Bases: pydantic.BaseModel

!!! abstract “Usage Documentation”

[Models](../concepts/models.md)

A base class for creating Pydantic models.

__class_vars__

The names of the class variables defined on the model.

__private_attributes__

Metadata about the private attributes of the model.

__signature__

The synthesized __init__ [Signature][inspect.Signature] of the model.

__pydantic_complete__

Whether model building is completed, or if there are still undefined fields.

__pydantic_core_schema__

The core schema of the model.

__pydantic_custom_init__

Whether the model has a custom __init__ function.

__pydantic_decorators__

Metadata containing the decorators defined on the model. This replaces Model.__validators__ and Model.__root_validators__ from Pydantic V1.

__pydantic_generic_metadata__

A dictionary containing metadata about generic Pydantic models. The origin and args items map to the [__origin__][genericalias.__origin__] and [__args__][genericalias.__args__] attributes of [generic aliases][types-genericalias], and the parameter item maps to the __parameter__ attribute of generic classes.

__pydantic_parent_namespace__

Parent namespace of the model, used for automatic rebuilding of models.

__pydantic_post_init__

The name of the post-init method for the model, if defined.

__pydantic_root_model__

Whether the model is a [RootModel][pydantic.root_model.RootModel].

__pydantic_serializer__

The pydantic-core SchemaSerializer used to dump instances of the model.

__pydantic_validator__

The pydantic-core SchemaValidator used to validate instances of the model.

__pydantic_fields__

A dictionary of field names and their corresponding [FieldInfo][pydantic.fields.FieldInfo] objects.
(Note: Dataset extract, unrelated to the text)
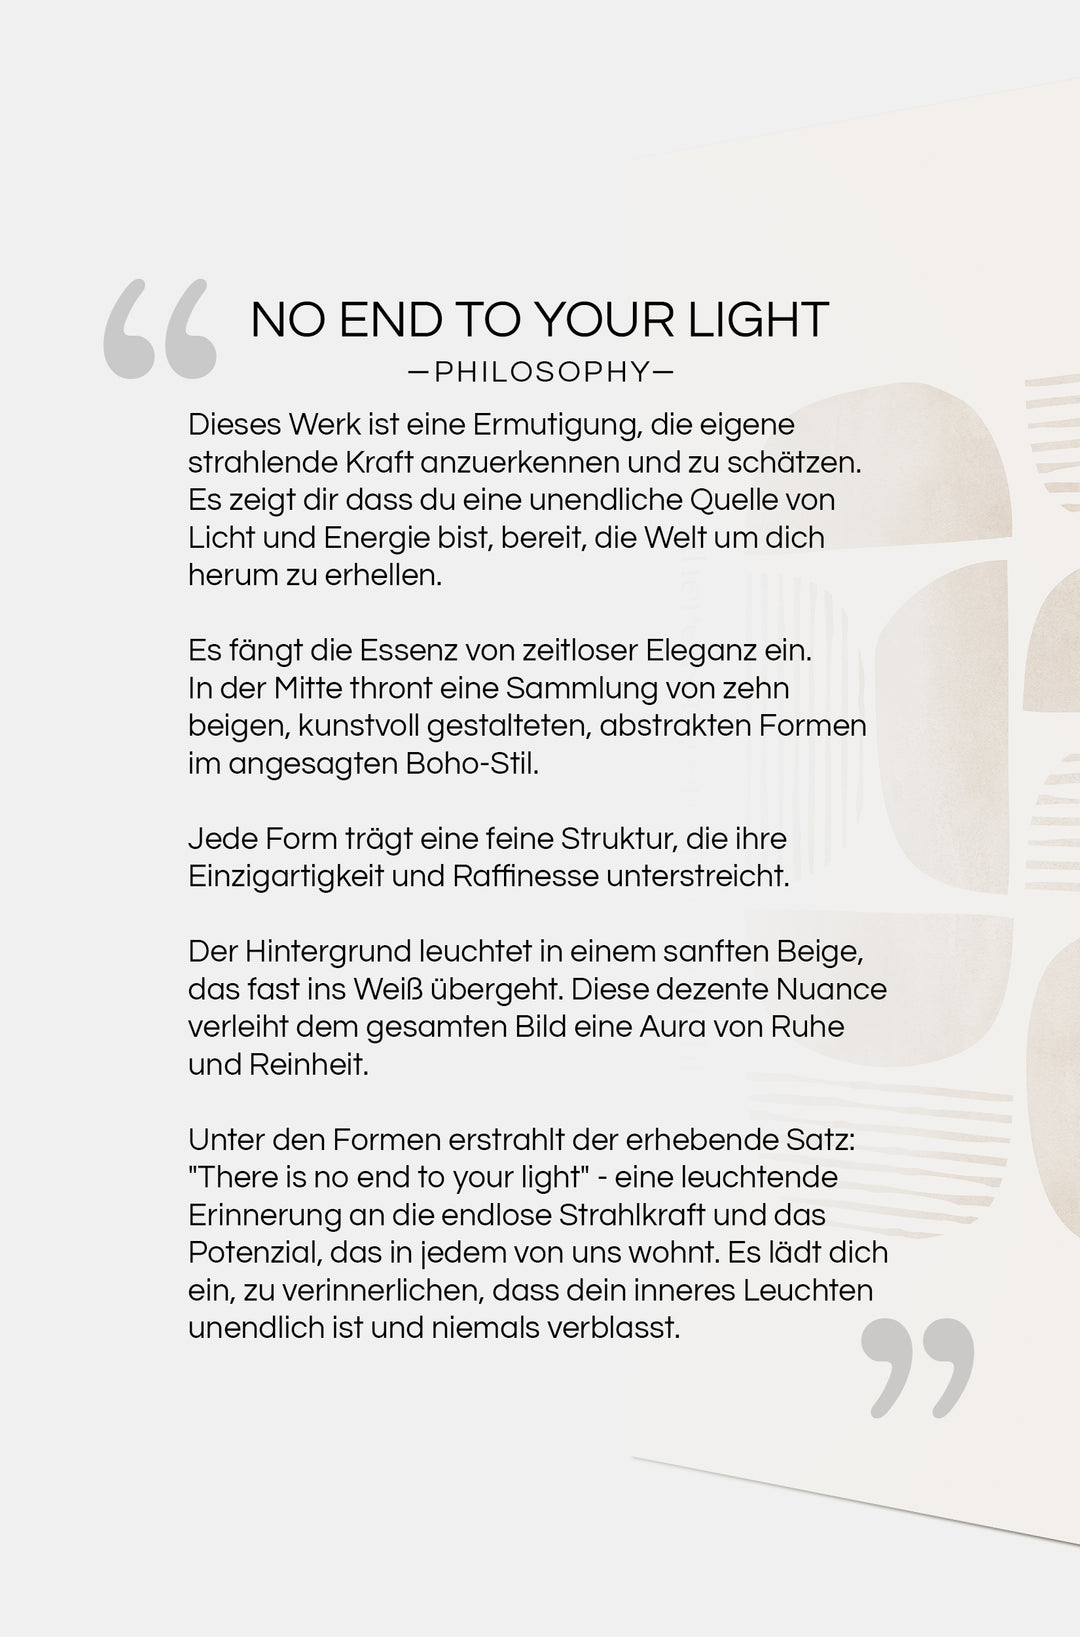 DUOVision There so no End to your Light - 2in1 Poster

__pydantic_computed_fields__

A dictionary of computed field names and their corresponding [ComputedFieldInfo][pydantic.fields.ComputedFieldInfo] objects.

__pydantic_extra__

A dictionary containing extra values, if [extra][pydantic.config.ConfigDict.extra] is set to ‘allow’.

__pydantic_fields_set__

The names of fields explicitly set during instantiation.

__pydantic_private__

Values of private attributes set on the model instance.
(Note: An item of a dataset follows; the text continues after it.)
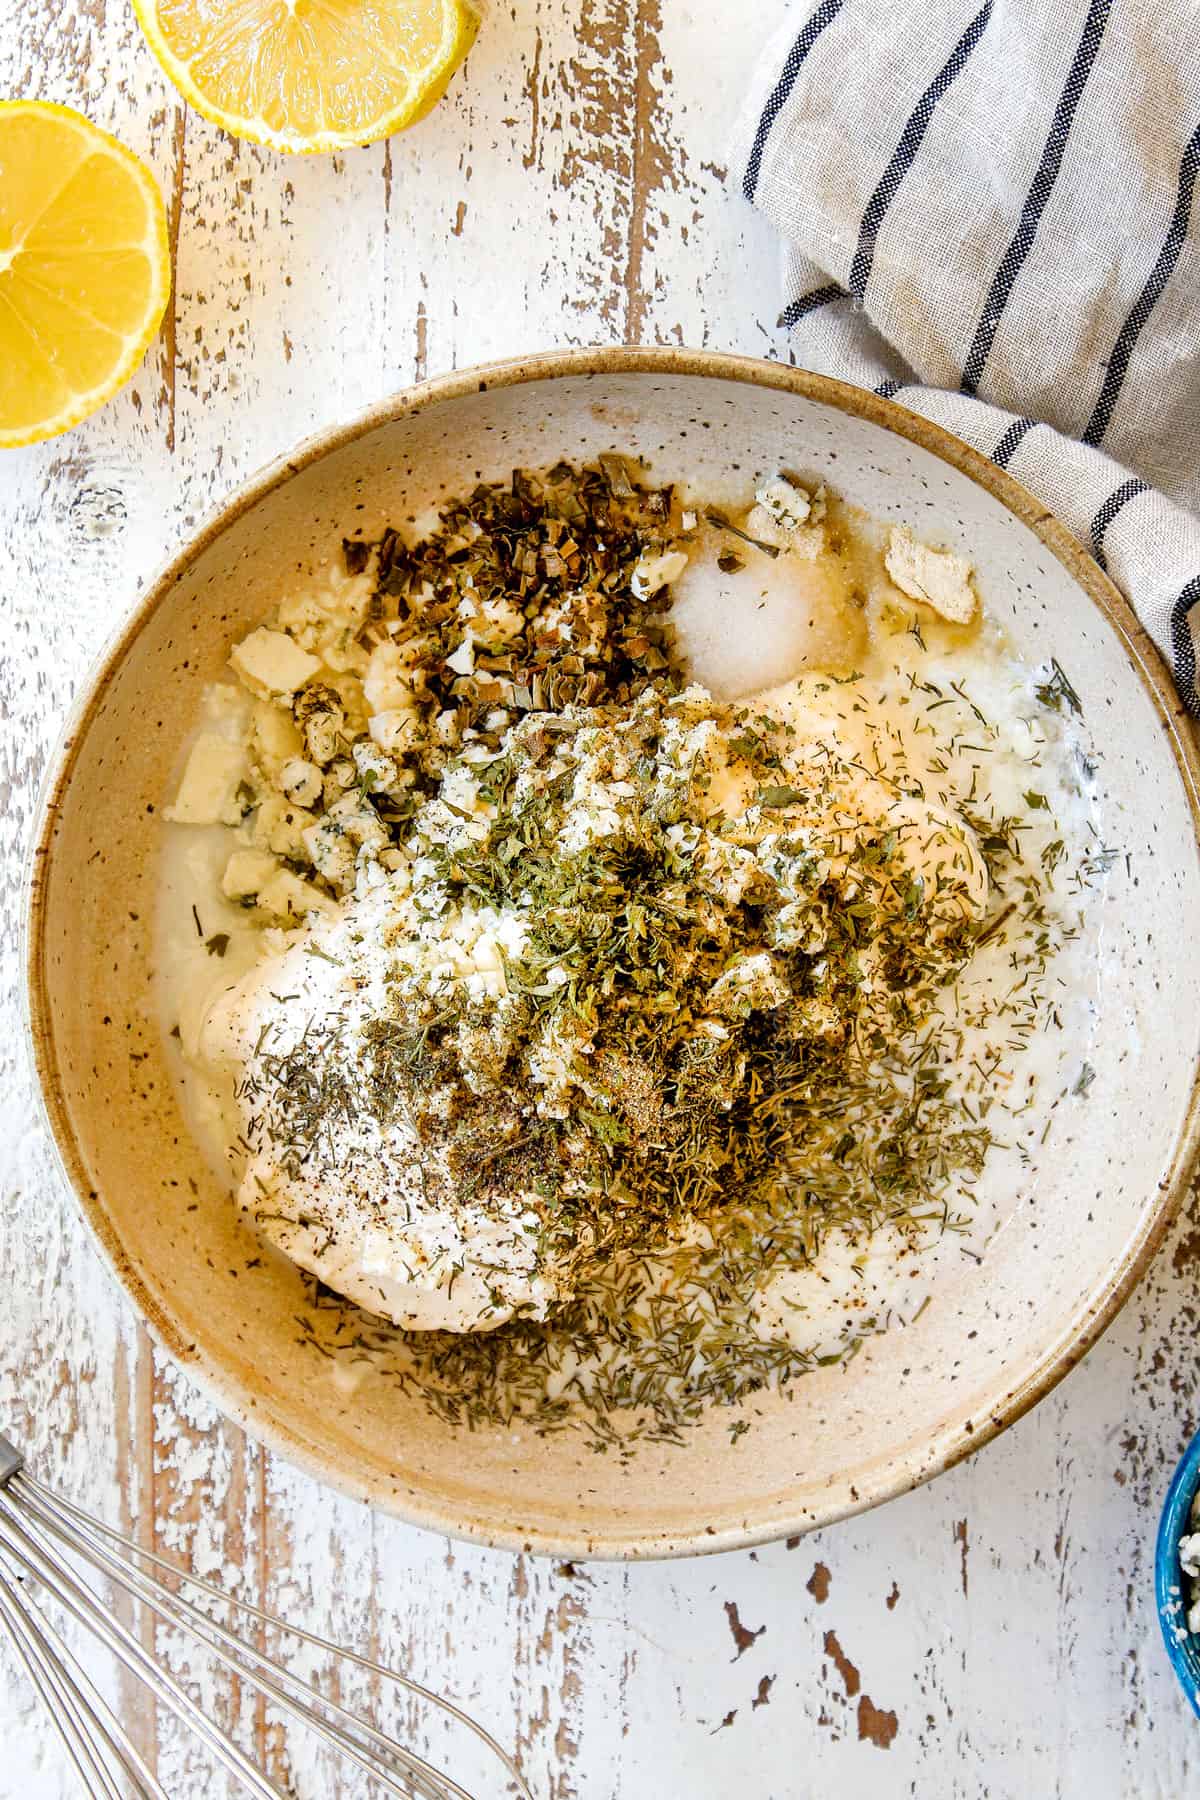 showing how to make blue cheese dressing by whisking blue cheese, mayonnaise, Greek yogurt, chives, parsley, dill, garlic powder, onion powder, salt and pepper together in a bowl

task: vision_unlearning.benchmarks.I_care.configuration.type_task = 'people'
base_folder: str = 'assets'
remote_repository_name: str = 'LeonardoBenitez/VisionUnlearningEvaluationTestbeds'
save_outputs: bool = True
recompute_if_exists: bool = False
_get_data_path_remote() str[source]
_get_data_path_local() str[source]
compute() List[Dict[str, Any]][source]
vision_unlearning.benchmarks.I_care.metadata.choose_metric_column_interference_per_entity(unlearning_algorithm: vision_unlearning.benchmarks.I_care.configuration.type_unlearning_algorithm, interference_entity: vision_unlearning.benchmarks.I_care.configuration.type_me, metric_cols: List[str]) str[source]

The columns of the interference per entity file are not named in a way that is easy to generate given unlearning_algorithm and interference_entity, so we need to search for the right one. We assume there is only one match, and we assert it. If there are no matches or more than one match, we raise an error.

The names look like this:

‘metric_distil_400_emitter_minus_receiver_worst_interfered_ssim (↓)’,

‘metric_distil_400_emitter_minus_receiver_number_of_interfered_worse_than_target_brisque_diff (↓)’, ‘metric_distil_400_emitter_minus_receiver_number_of_interfered_worse_than_target_clip_diff (↓)’, ‘metric_distil_400_emitter_minus_receiver_number_of_interfered_worse_than_target_rmse (↓)’, ‘metric_distil_400_emitter_minus_receiver_number_of_interfered_worse_than_target_ssim (↓)’, ‘metric_distil_400_emitter_minus_receiver_number_of_interfered_worse_than_zero_clip_diff (↓)’, ‘metric_distil_400_emitter_minus_receiver_average_brisque_diff (↓)’, ‘metric_distil_400_emitter_minus_receiver_average_clip_diff (↑)’, ‘metric_uce_000_emitter_minus_receiver_average_rmse (↓)’, ‘metric_munba_100_emitter_minus_receiver_average_ssim (↑)’,

TODO: these names are defined in 4. Compute interference per entity.ipynb. There should be a central way of defining them.